Cross-project navigation patterns
The supported cross-project navigation patterns, by need:
| Need | Pattern |
|---|---|
| Quick lookup / one-off cross-project call | Pass workspace: "<absolute path>" on the tool call — pins that one call, no state change, no risk |
| Sustained exploration (single agent) | workspace(action: activate, path: "<other>") → work → workspace(action: activate) back |
| Concurrent subagents on different workspaces | Each subagent passes workspace: "<absolute path>" per call (see below) — do not rely on activate |
Subagents are especially risky — they share the MCP server instance with their parent
conversation. A subagent that calls workspace(action: activate) and exits without restoring leaves the
parent’s subsequent tool calls operating against the wrong project root, with no error.

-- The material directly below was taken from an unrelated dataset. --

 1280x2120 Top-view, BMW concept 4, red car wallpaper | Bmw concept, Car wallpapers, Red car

Concurrent subagents — per-request workspace pinning
Iron Law #4 (restore the active project) is enough for sequential cross-project work by a
single agent. It is not enough when parallel subagents share one server and operate on
different workspaces. The active project is process-global, so two subagents that
workspace(action: activate) different paths race — last writer wins, and the loser silently
reads or writes the wrong workspace. “Restore when done” cannot help: the corruption happens
mid-flight, in the window between the two activations.
The fix is to not activate at all in that case. Every pinnable tool accepts an optional
workspace parameter — an absolute path that pins that one call to the named workspace,
regardless of the shared active project:
symbols(name: "Foo", workspace: "/home/me/project-a")

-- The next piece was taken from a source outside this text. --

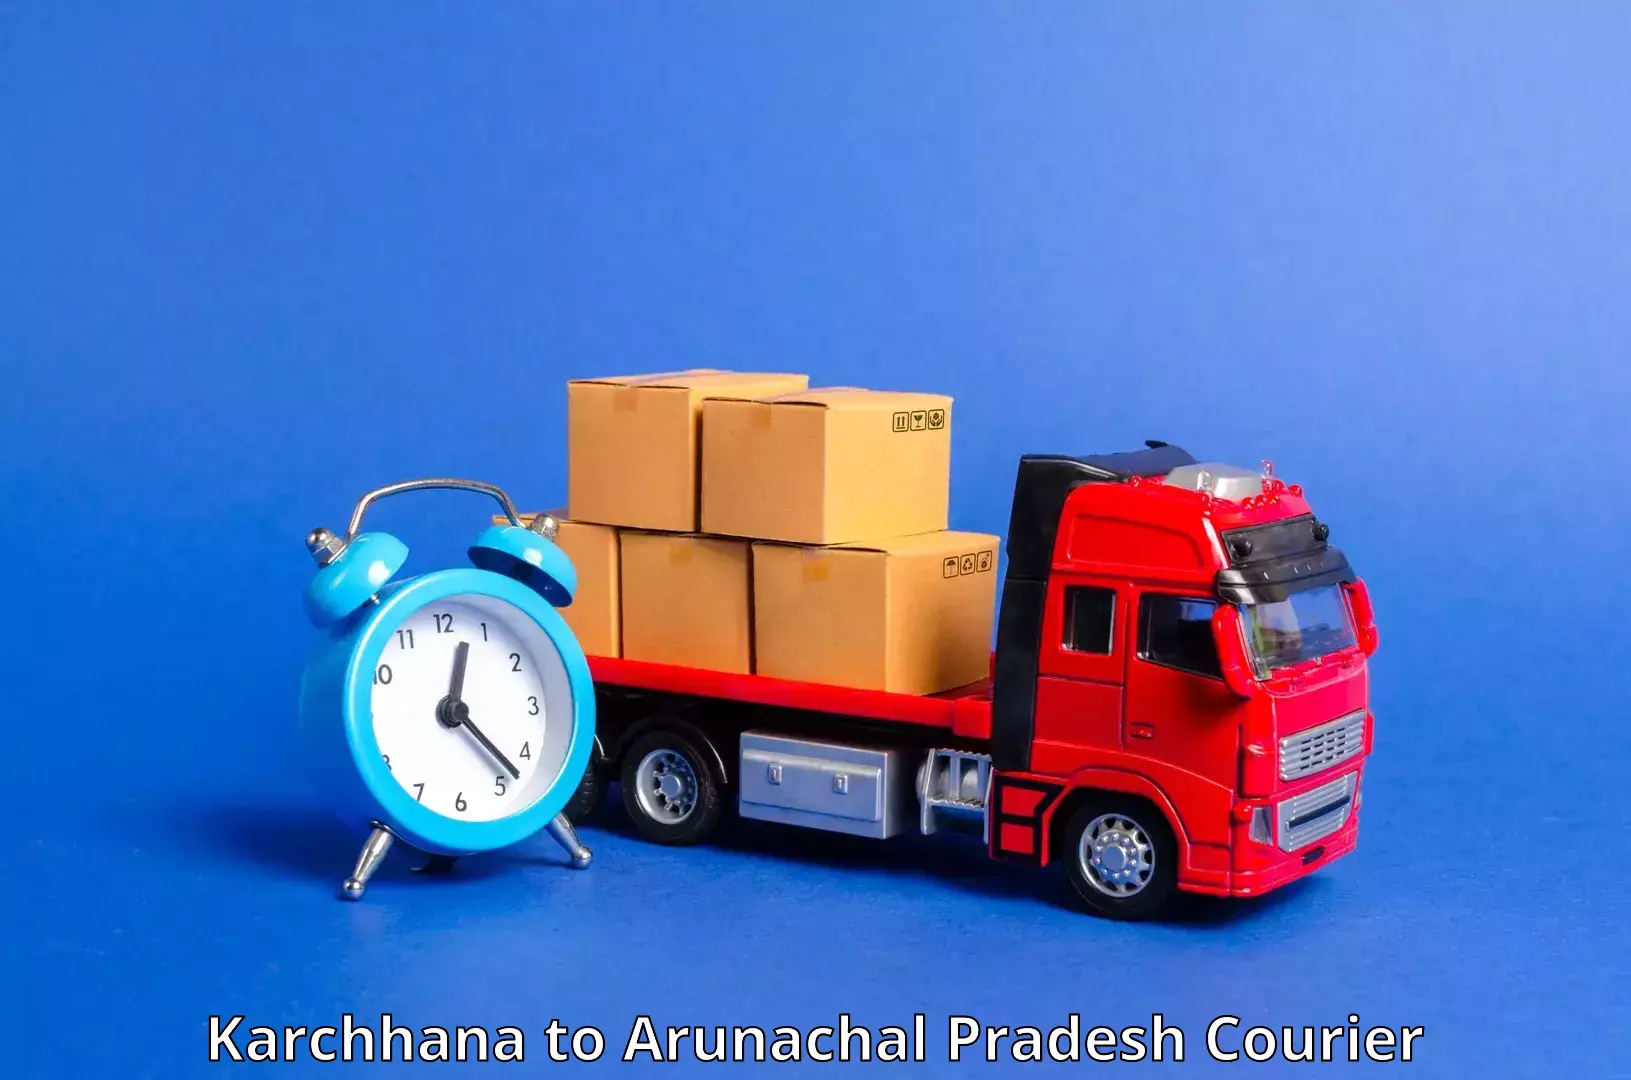 High-performance logistics Karchhana to Arunachal Pradesh

run_command(command: "cargo test", workspace: "/home/me/project-b")
Concurrent pins never collide — each call resolves independently against its own workspace.
Single-workspace work omits the parameter and is unaffected. The unpinned
workspace(action: activate) path still emits a concurrent_activation_warning on a rapid
foreign switch, now pointing at this pin as the primary remedy (separate Claude Code windows
remain a clean fallback — separate processes, separate active-project slots).
Why a per-call parameter, and not a per-subagent active project? The MCP RequestContext
exposes no stable per-subagent key, so there is nowhere to hang a “this subagent’s project”
slot — the resolution has to travel with the request. The workspace parameter is that
request-scoped carrier.
workspace(action: activate) response hint
When switching away from the home project, the workspace(action: activate) response now includes a
reminder to restore:
Active project: other-project (/path/to/other)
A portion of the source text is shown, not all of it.